Steeplejack (Alternative Detective, #1)

“She,” I corrected. “Not it.”


Rahvey glared at me, but I held her eyes, and for once, it was my sister who turned away first. “And I would appreciate it if you didn’t bring your sordid city friends out here,” she added.

I tensed. “Believe me,” I said, “I have no interest in talking to Morlak.”

“Not just Morlak!” she snapped. “There was another. Said his name was Jennings.”

“Billy?” I said. “What did he want?”

“Says he has to tell you something. Something he saw. Wants you to meet him tonight under the statue of Captain Franzen at eleven.”

I frowned. Cleaning that statue had been one of Tanish’s jobs, and though it was in the heart of Mahweni Old Town, it was only a stone’s throw from the Martel Court. It was also where Morlak had attacked me. The coincidence made me uneasy.
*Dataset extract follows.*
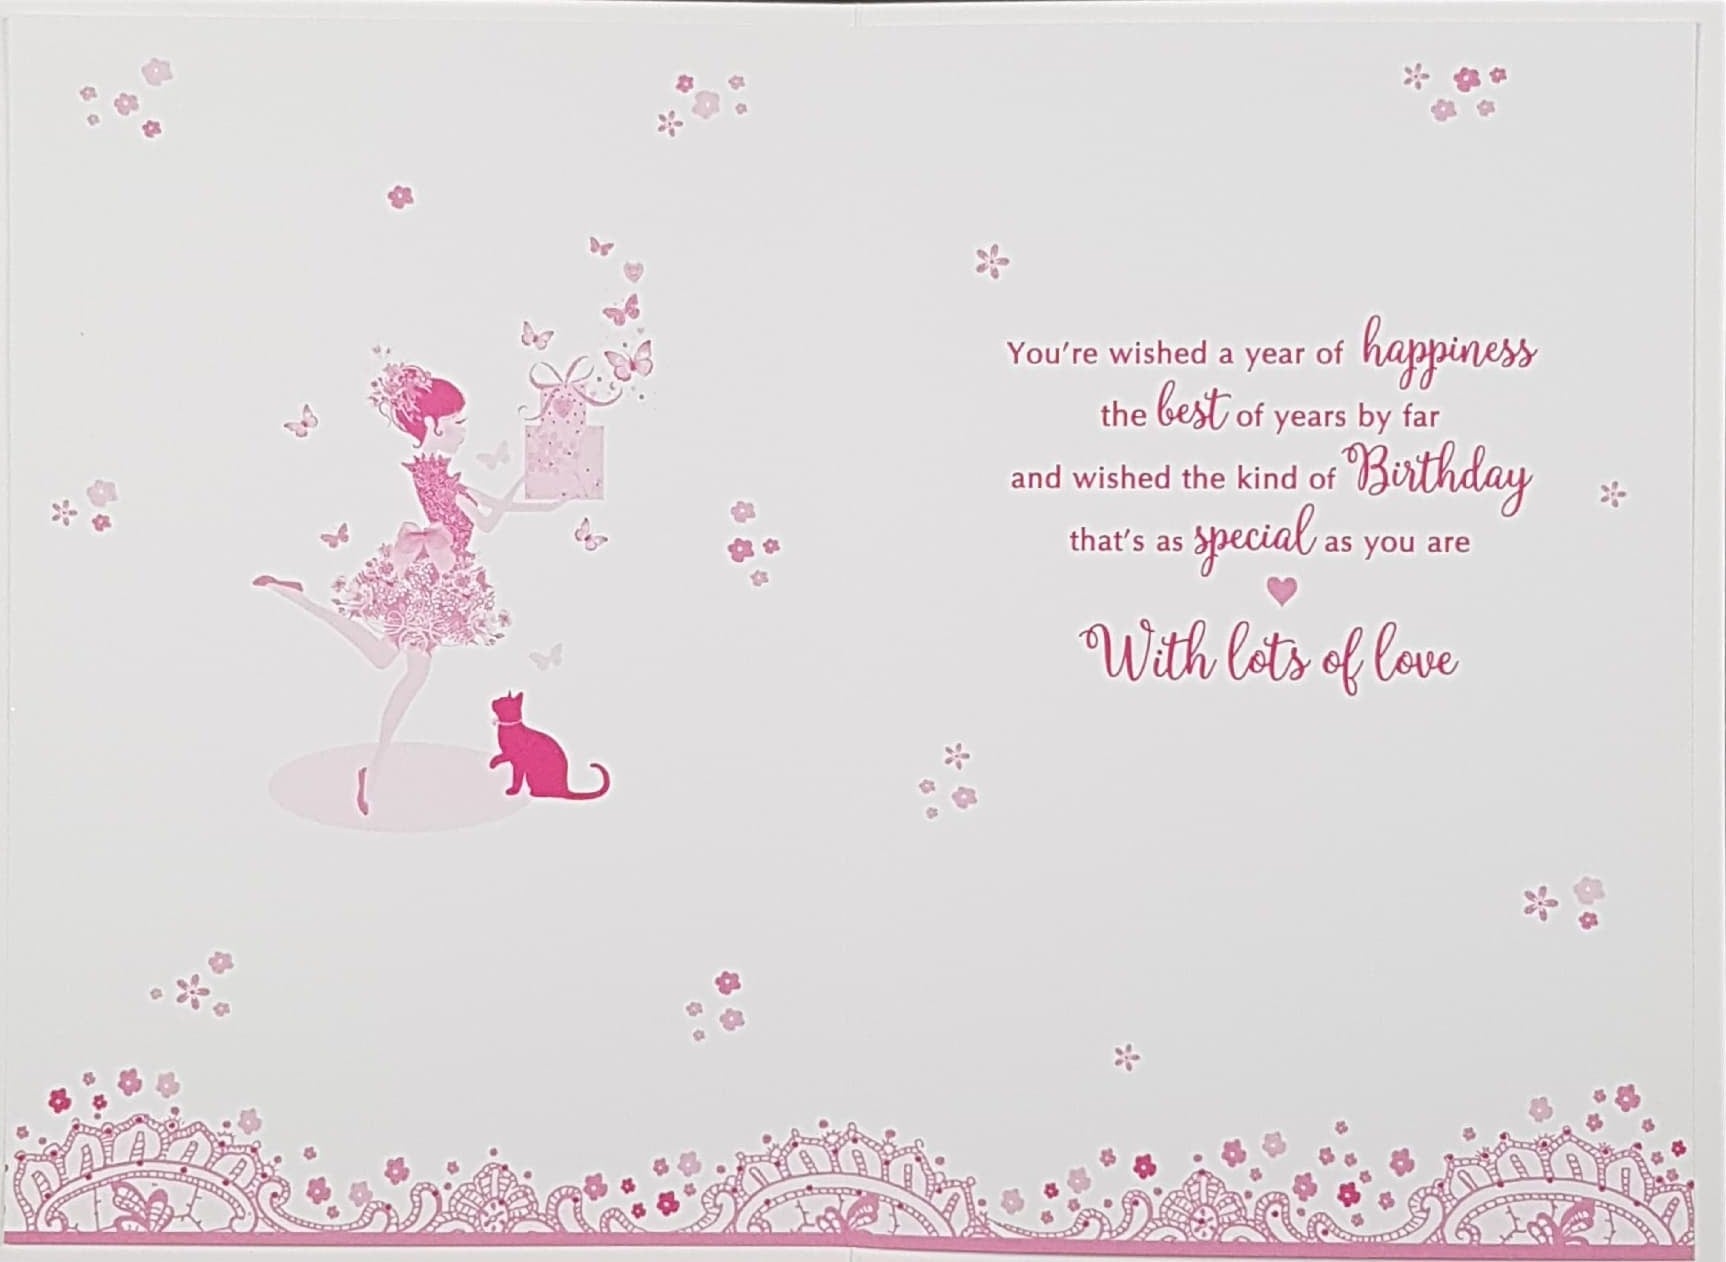 Birthday Card - Granddaughter / A Glamorous Girl In A Gorgeous Dress

If Morlak had gotten to Billy, this was a trap.

“How did he seem?” I asked.

“What?” said Rahvey, as if I were speaking another language.

“Did he seem like he was hiding something?” I said. “Or like he was scared, nervous? Did he mention Morlak?”

She shook her head. “Morlak,” she sneered. “These city Lani. You can’t trust any of them.”

*

I RETURNED TO BAR-SELEHM before the lighting of the streetlamps and got the baby safely tucked into her basket in the clock tower before making the cautious climb down. I had the pistol in my belt under my charcoal gray jacket. I did not know what to make of Billy’s sudden decision to be helpful, and I wanted to be ready for anything.

Old Town was the most respectable black district in the city, made venerable by age if not by space. The houses were small, the streets smaller, though their inhabitants kept them meticulously clean. In the square at the end of Range Street, under a pair of blue-tiled minarets that rose like lighthouses above the uneven rooftops, a group of Mahweni protesters were clearing up what was left of their rally, gathering up handbills so they couldn’t be done for littering. I thought of Mnenga’s stories of suspicious land deals, and the image of his face and his gift of the nbezu milk made me smile. I remembered the touch of his hand, the surprise in his face, and the pleasure that had followed it.

And then, as if the memory had conjured him, he was there. He was huddled among the remaining protesters in his Unassimilated garb, so he stood out among the coats and collared shirts. With the spear in one hand, he looked fierce and out of place. He was talking animatedly to one of the protesters, his face earnest, angry even, and as I watched, he gestured dramatically, his forefinger stabbing from his clenched fist so that the other man, who was dressed as a factory worker, shook his head and took a step back. I did not call to Mnenga, and not only because seeing him here in the city was so jarringly strange. He suddenly seemed quite different, his manner, his very presence here hinting at something I had not seen in him before, something he had kept from me.

What was he doing here? There was clearly more to him than the humble nbezu herder he had claimed to be. Were there even any nbezu? He could have bought that milk anywhere.…

Whatever the truth was, however innocent it might be, it was clear as luxorite that while I had trusted him with my private thoughts, I did not know him, and his appearance in my life suddenly seemed more than convenient. It was suspicious. I turned quickly away, so he would not see me, and kept walking. A policeman gave me a look as I rounded the corner, but—since I was neither friend nor obvious foe—went back to monitoring the protesters in the soft glow of a gas lamp, Mnenga among them.

I picked up my pace.

This time of year, the night came early, and as the temperature fell, the city became an entirely different place. The district around the Martel Court, where I had left the baby and which thronged with people in daylight, was deserted now, and its statues of old justices, brushed with the pearly light of the streetlamps, became ghosts of a forgotten world. It was only a couple of blocks to where the statue of Captain Franzen stood on his triumphal column, gazing forever out toward the coast with his bronze telescope.

A sound behind me. Footfalls, or just the echo of my own feet on the stone?

I faltered and they continued for a moment, then stopped. I turned and looked back the way I had come, but the mist that blew in from the river on cold nights had blended with the city’s persistent pall of smog, and I could see no more than twenty yards, even where the street was open and well lit.

I began walking and almost immediately, I heard the steps behind me start up again. They were uneven and punctuated with a rhythmic tap, like someone using a cane, someone very slightly off balance.…

Morlak.

I quickened my pace, dimly aware of Captain Franzen’s column looming out of the fog ahead, its shape cluttered with the scaffolding Tanish had been using. My pursuer matched my speed.